As for the movies, I am surprise you even mention it.  When I became SDA no none goes to the movies or atleast confess to going. I do go but rarely. We know very well that that is probably the worst thing to do because, how many movies do not profane the name of the LORD.  Every movie I have ever seen sep for Christian movies take the name of the lord in vain and christians sit right there and watch to our own shame.  Yeah I do go to the movies but perhaps twice a year if that. I try to go with my parents now,  and we pick certain movies that are family generated and still somewhere in there there's a curse word here or there.  Nudity is a given, I can't imagine the topic of sex not coming up one way or another so there's no surprise at all. 

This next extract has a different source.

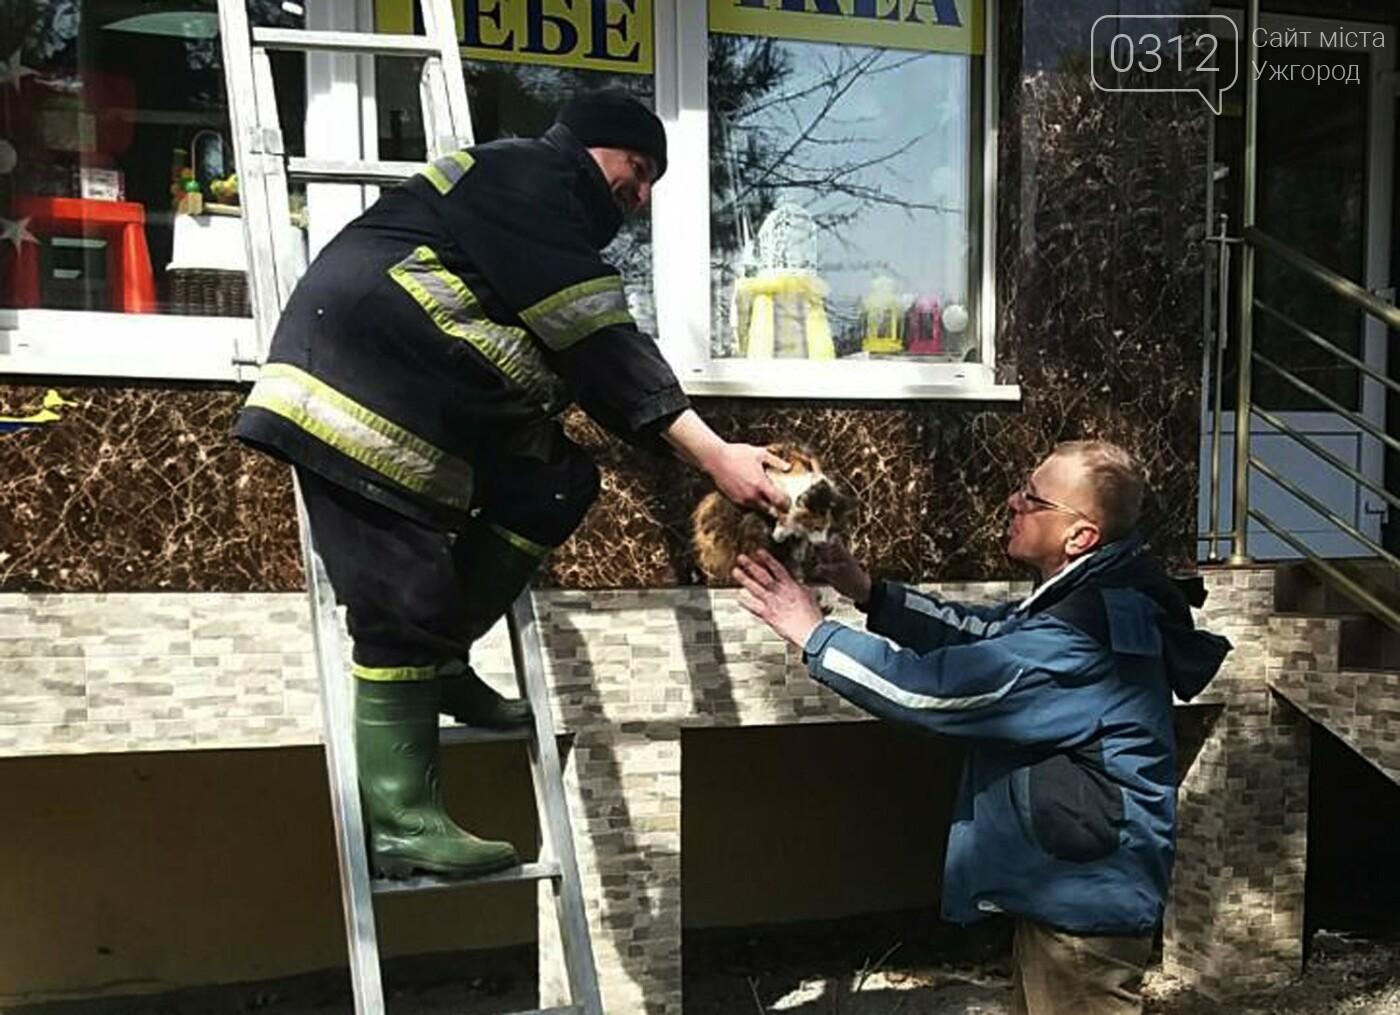 В Ужгороді рятувальники дістали з даху магазину 2-х котів, один з яких незрячий, що випали з третього поверху (ФОТО), фото-3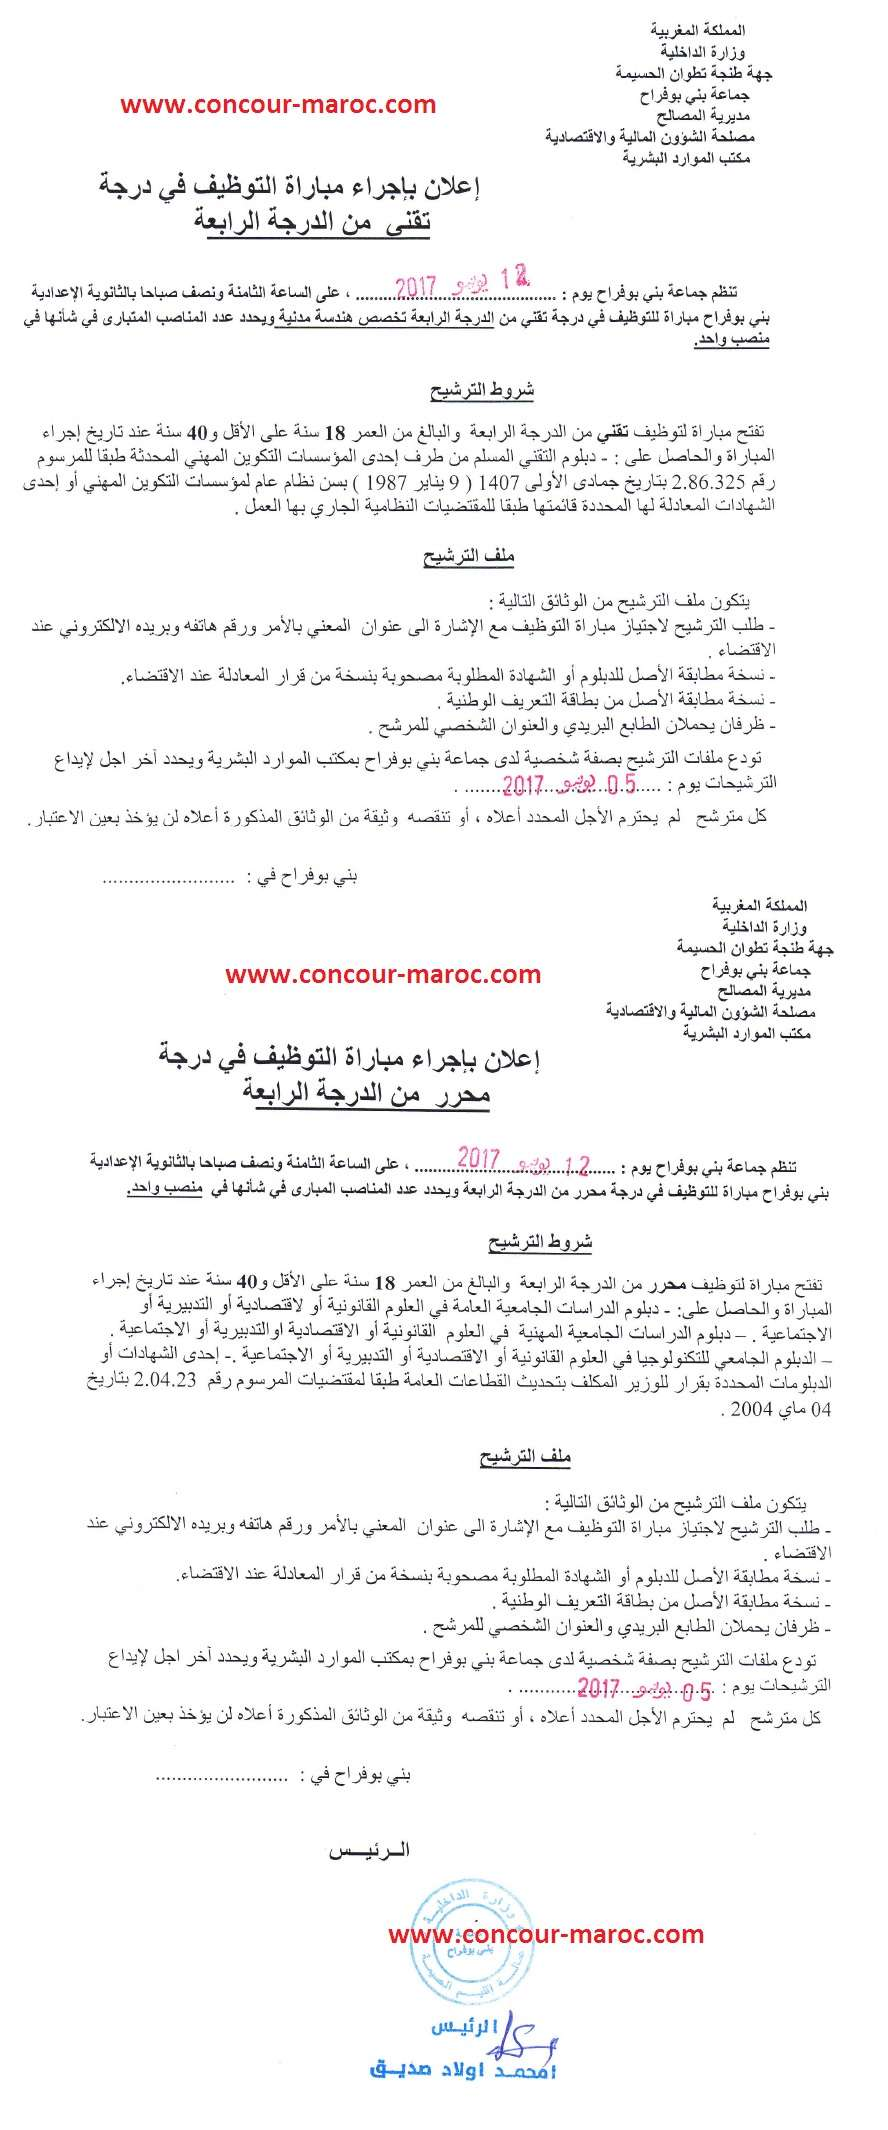 جماعة بني بوفراح (إقليم الحسيمة) : مباراة توظيف في  مختلف الدرجات (12 منصب) آخر أجل لإيداع الترشيحات 5 يونيو 2017 Conco107

Dicapr this is all I can say to you. Your already convicted, I know that from your comments. Its not an easy decision to go Modest. I know it. I am struggling with the clothing because I don't have the means to get what I need I am doing the best I can with what I have. I know God will bless that, but this is not something pulled out of the air it is a command from God to make careful decisions about your choice of clothing. If its to tight its not modest, if it shows your limbs its not modest. I mean there is more to this movement then just covering our body it is our walk with God and how we have made Jesus lord of our life and we are open to his words in how we are to live our life, how we are to eat, drink and cover our-self and how we are to treat one another.  Everyone has to examine their own convictions and go from there. 

I place no judgement on anyone, but I know there are others whom do not speak who might want to learn more and I welcome those who agree and those who do not agree.  When folks do not agree it helps me explain better and better my reasons for going this route, because I can answer the questions I didn't have before or find the answer. But it really comes down how you want to present yourself before the Lord. 
Not my will but thine will, I will obey.. 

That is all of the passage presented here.